Provided material Start Marker

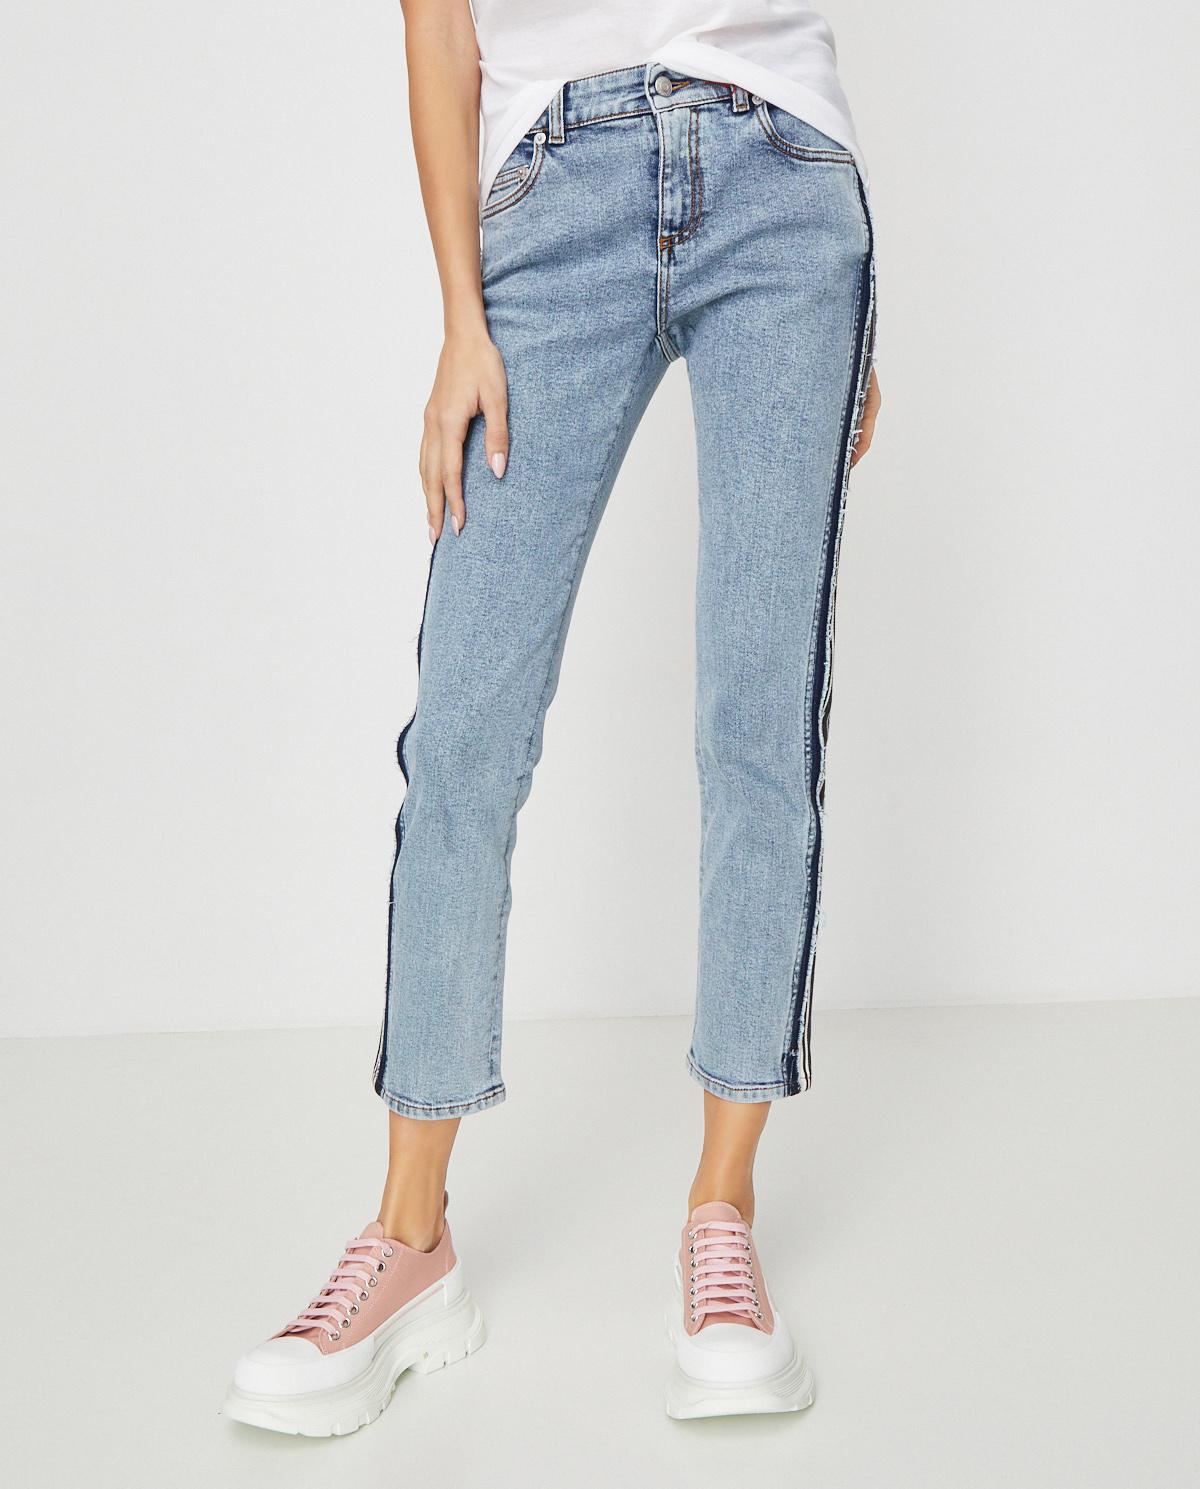 Spodnie jeansowe z lampasami Alexander McQueen 620055 QMAAQ 4064
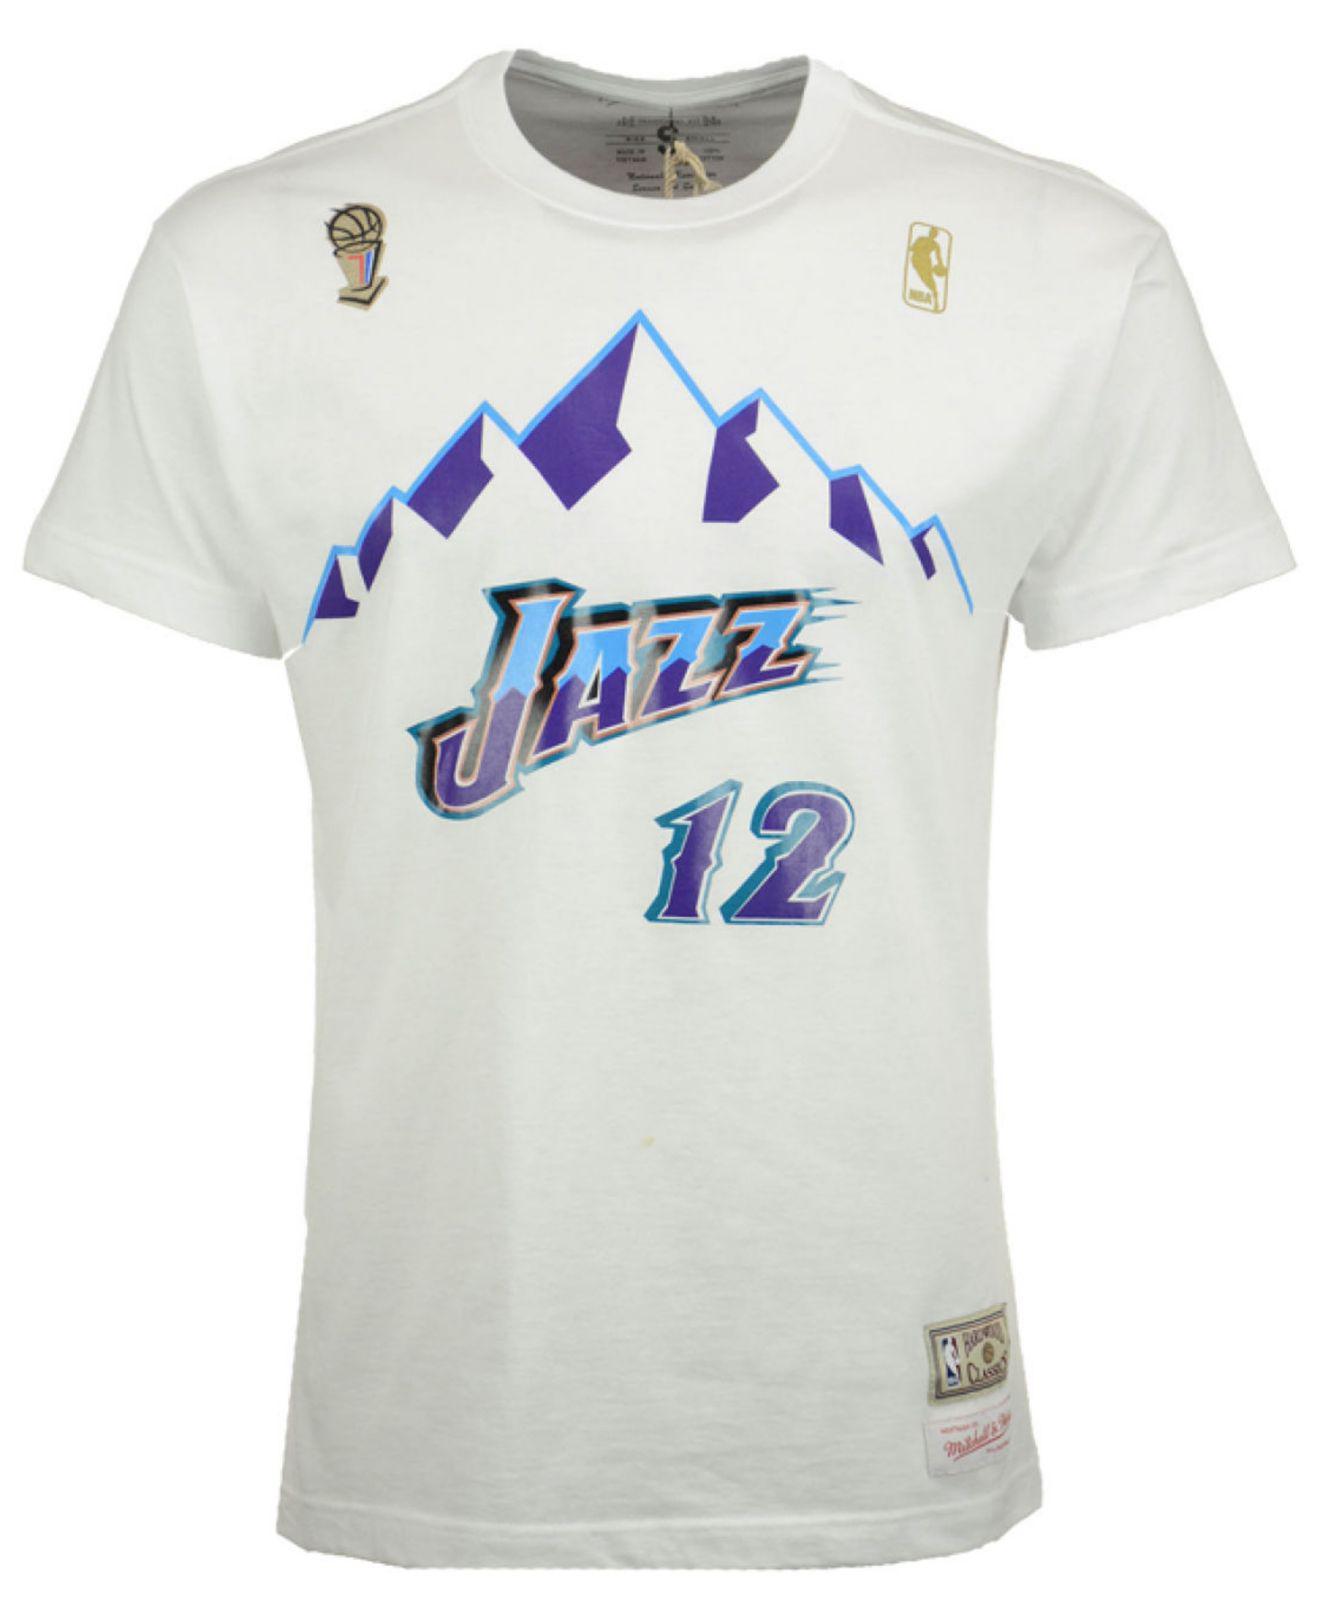 89f33283d Mitchell   Ness John Stockton Utah Jazz Hardwood Classic Player T-shirt in  White for Men - Lyst
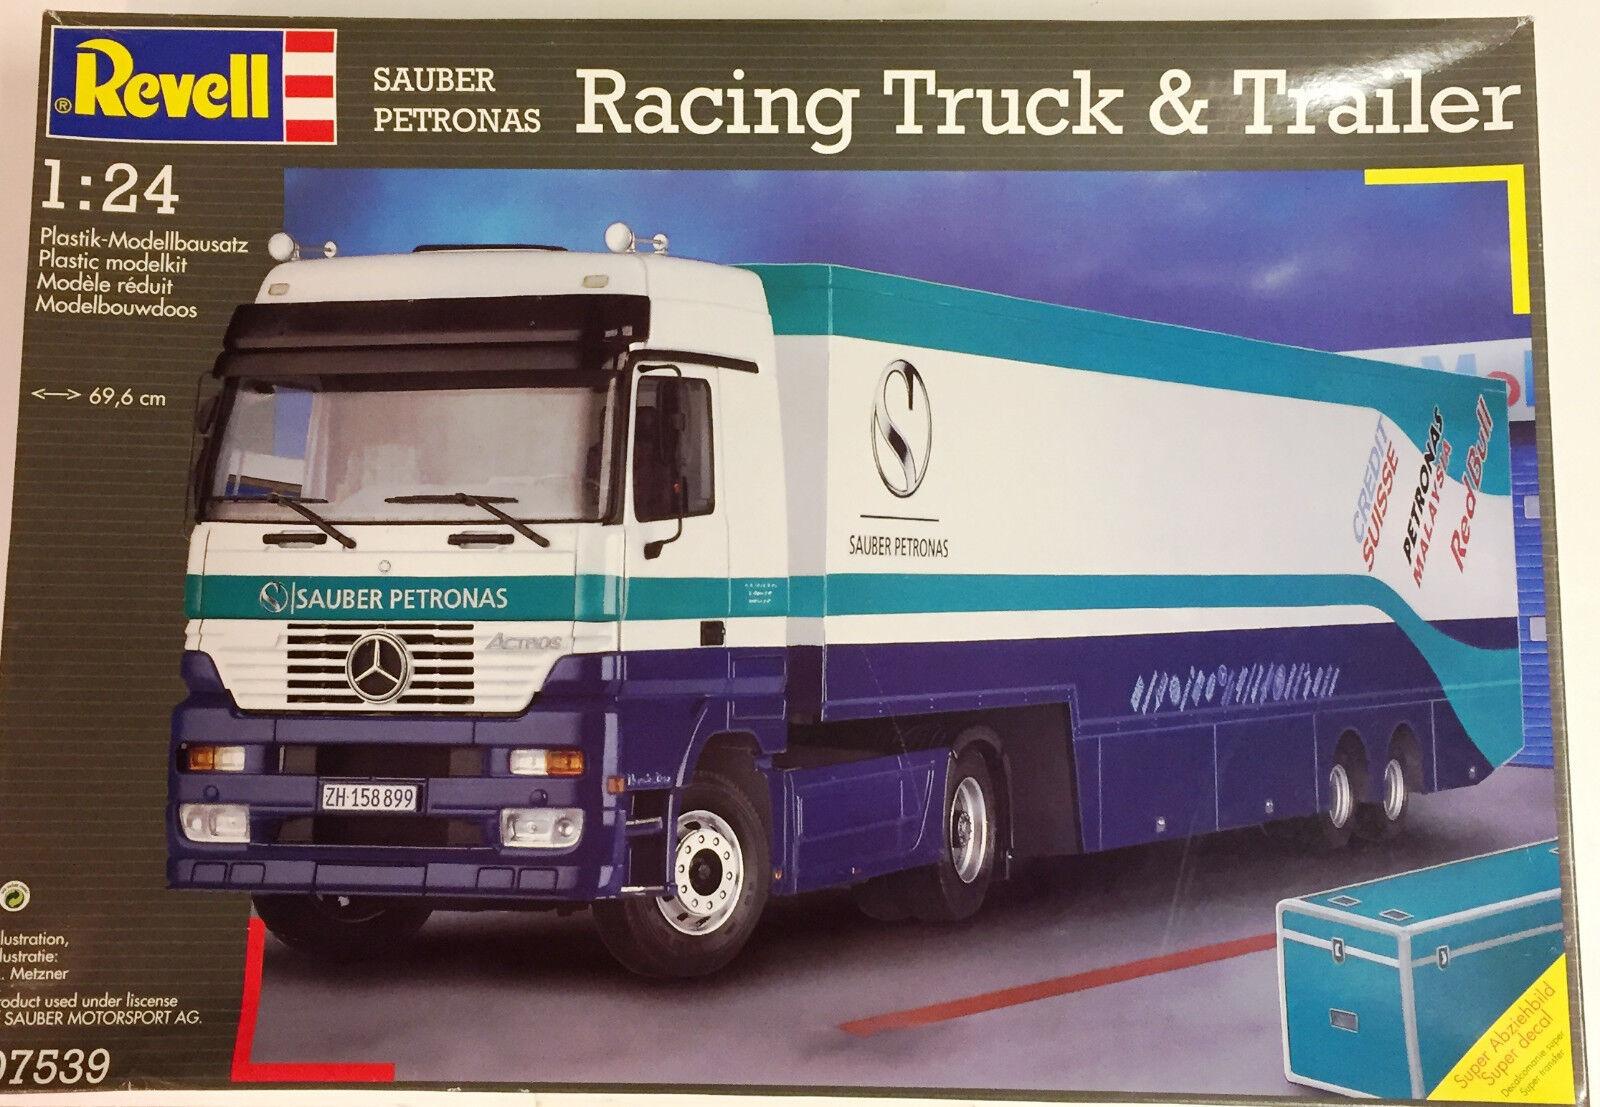 Revel Geruomoia 1 24 Sauber Petronas Racing Truck

Provided material End Marker

Problem to solve>
Return all of the data exactly as written, and drop the pictures.

Exercise answer>
 Spodnie jeansowe z lampasami Alexander McQueen 620055 QMAAQ 4064
 89f33283d Mitchell   Ness John Stockton Utah Jazz Hardwood Classic Player T-shirt in  White for Men - Lyst
 Revel Geruomoia 1 24 Sauber Petronas Racing Truck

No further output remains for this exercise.